*** Begin section ***

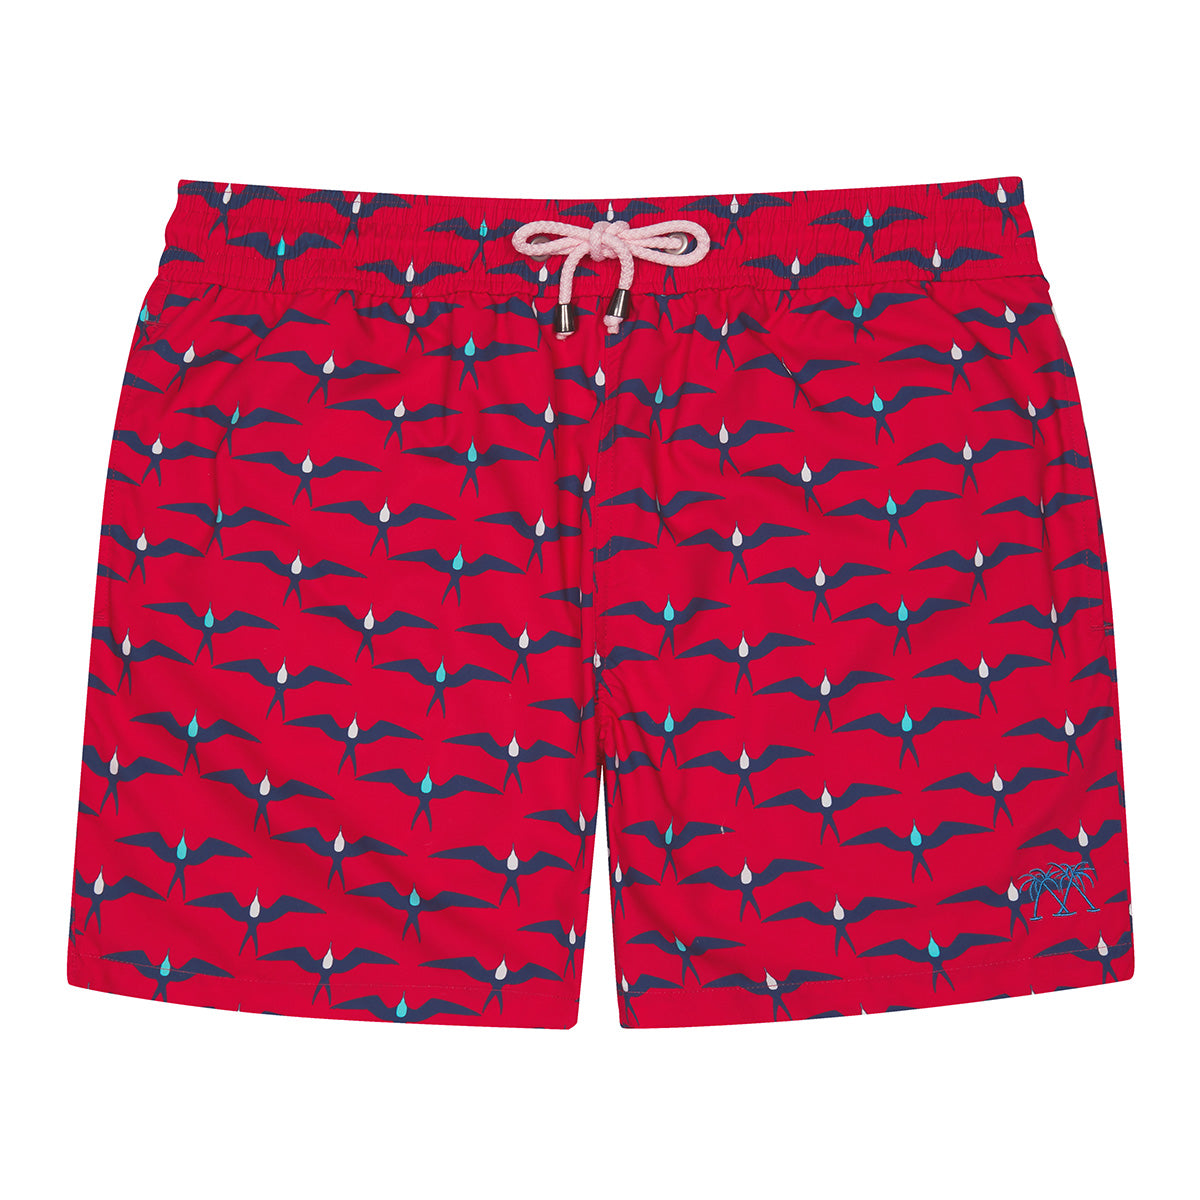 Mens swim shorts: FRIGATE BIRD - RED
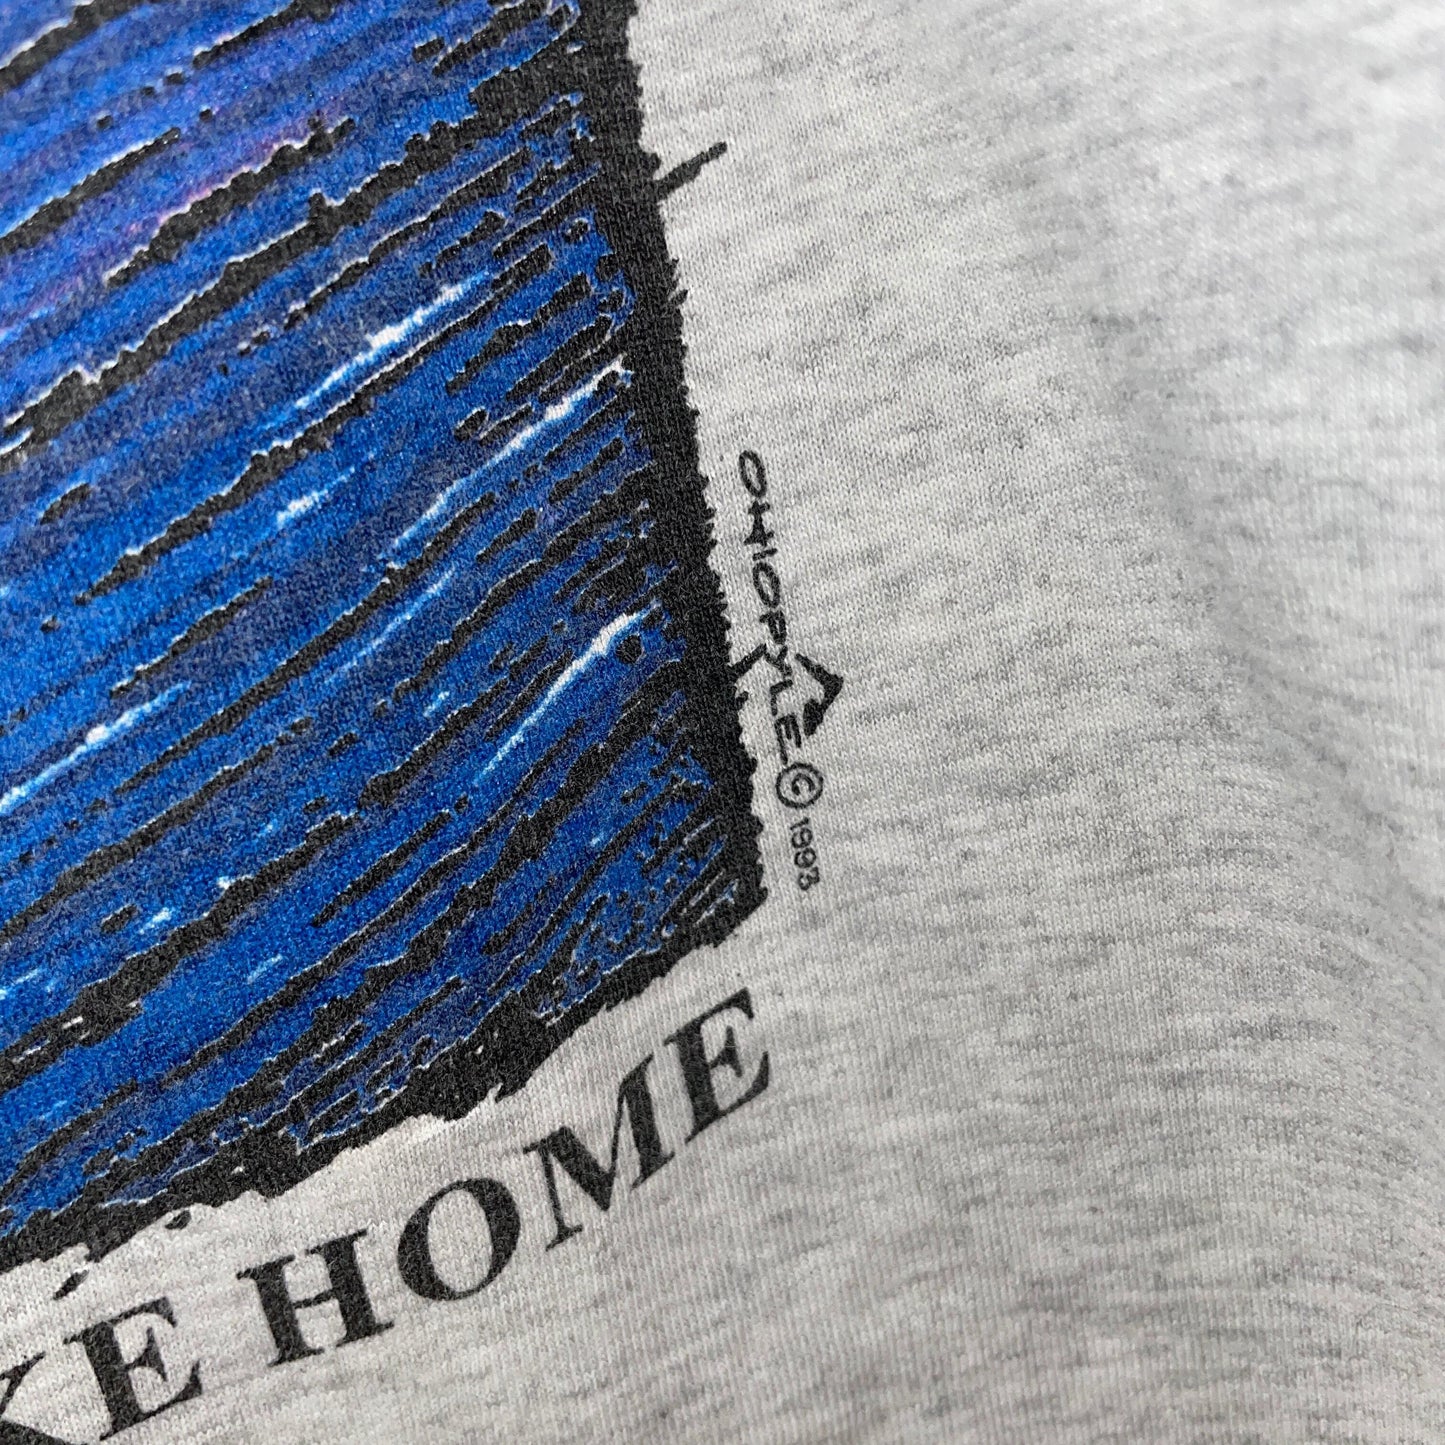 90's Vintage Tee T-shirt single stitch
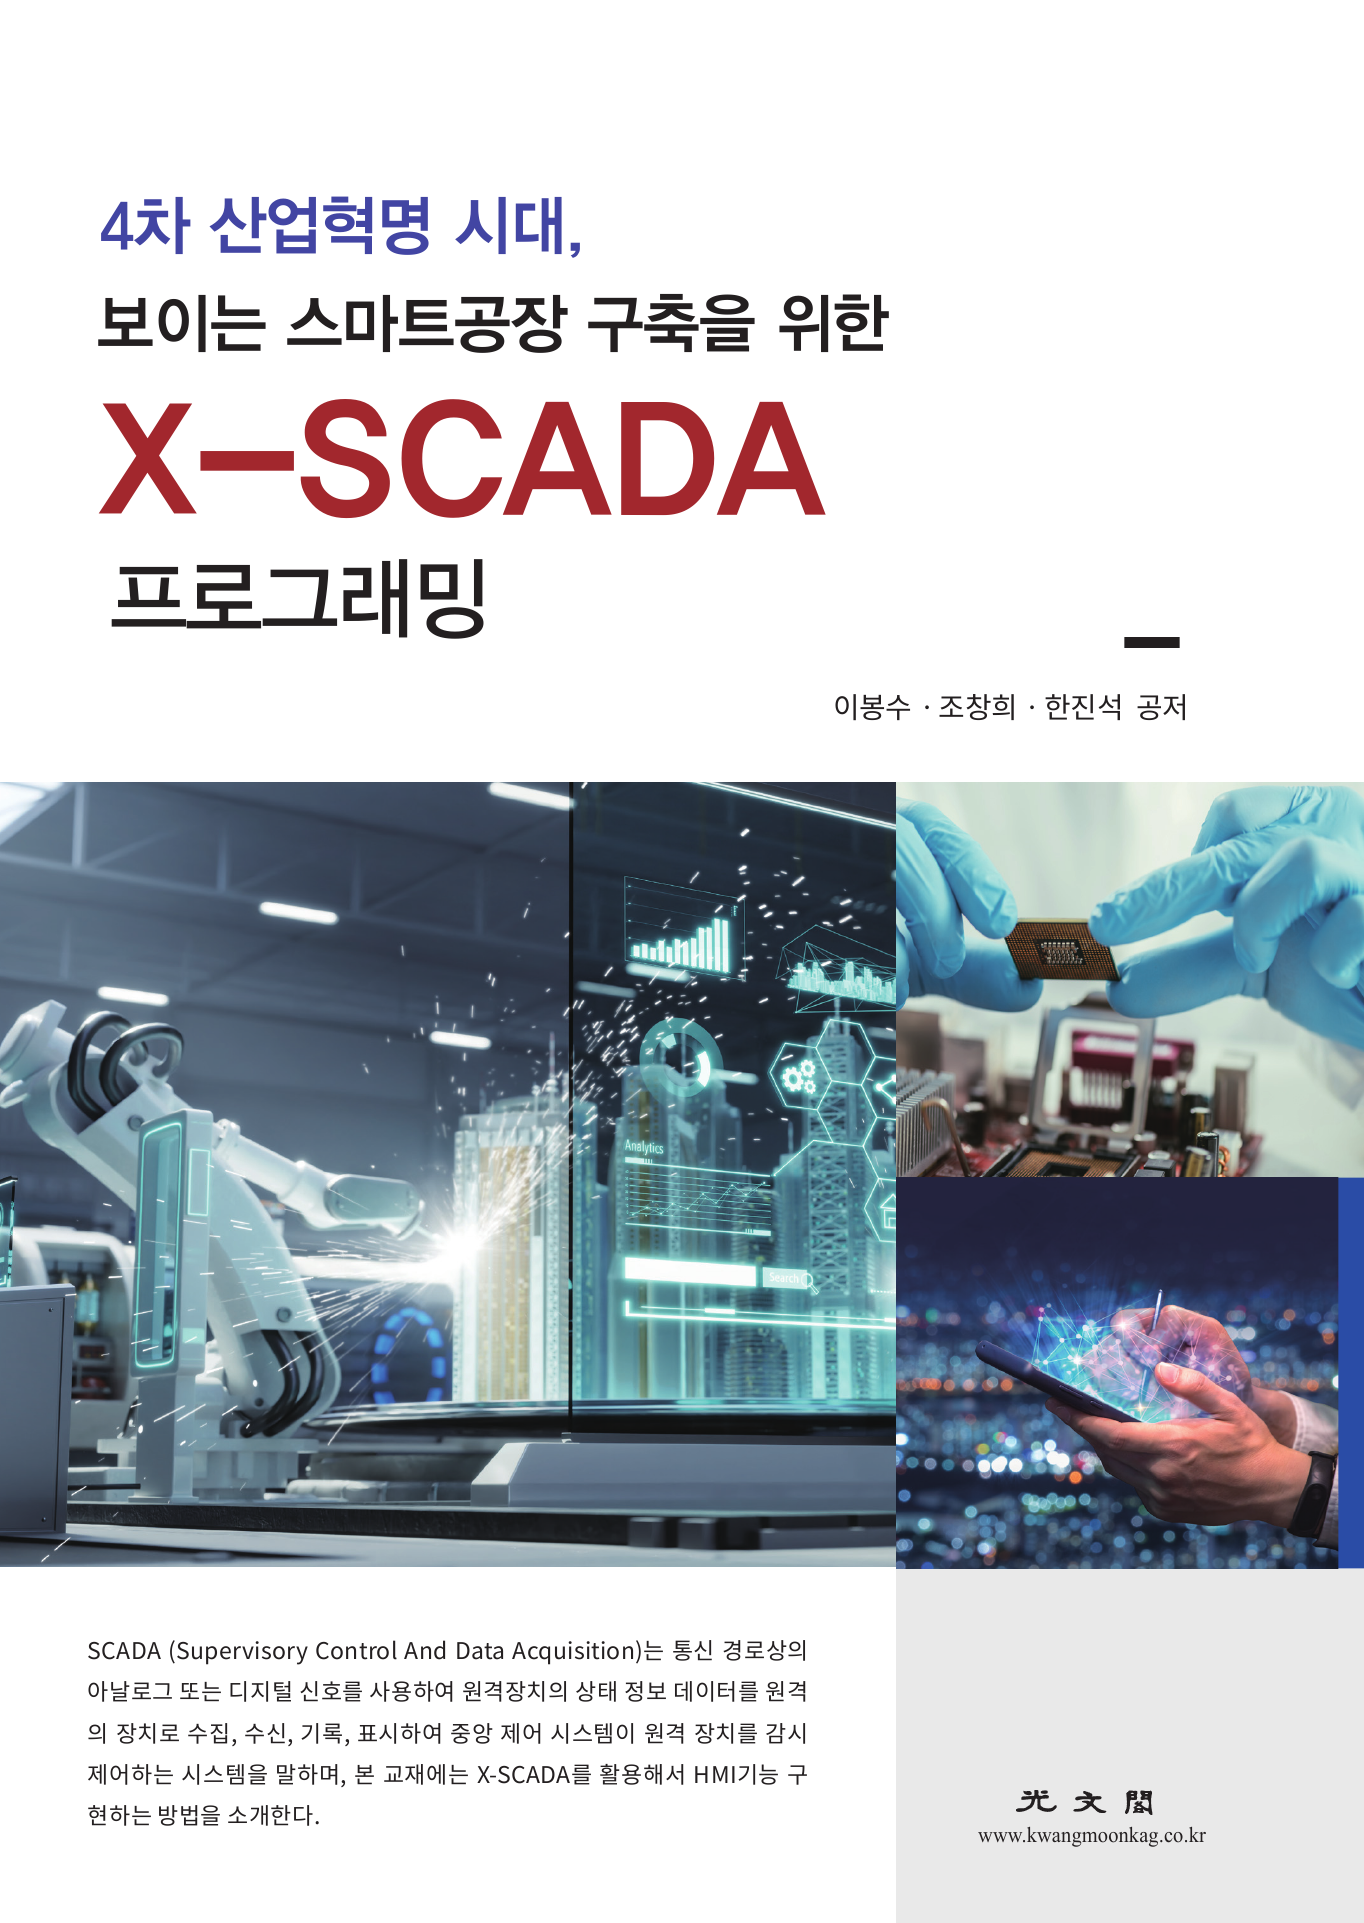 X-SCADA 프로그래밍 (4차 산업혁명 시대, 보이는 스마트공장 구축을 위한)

*** End section ***

Exercise description — Copy each line of the listing exactly, skipping any picture.

Solved problem —
 Mens swim shorts: FRIGATE BIRD - RED
 90's Vintage Tee T-shirt single stitch
 X-SCADA 프로그래밍 (4차 산업혁명 시대, 보이는 스마트공장 구축을 위한)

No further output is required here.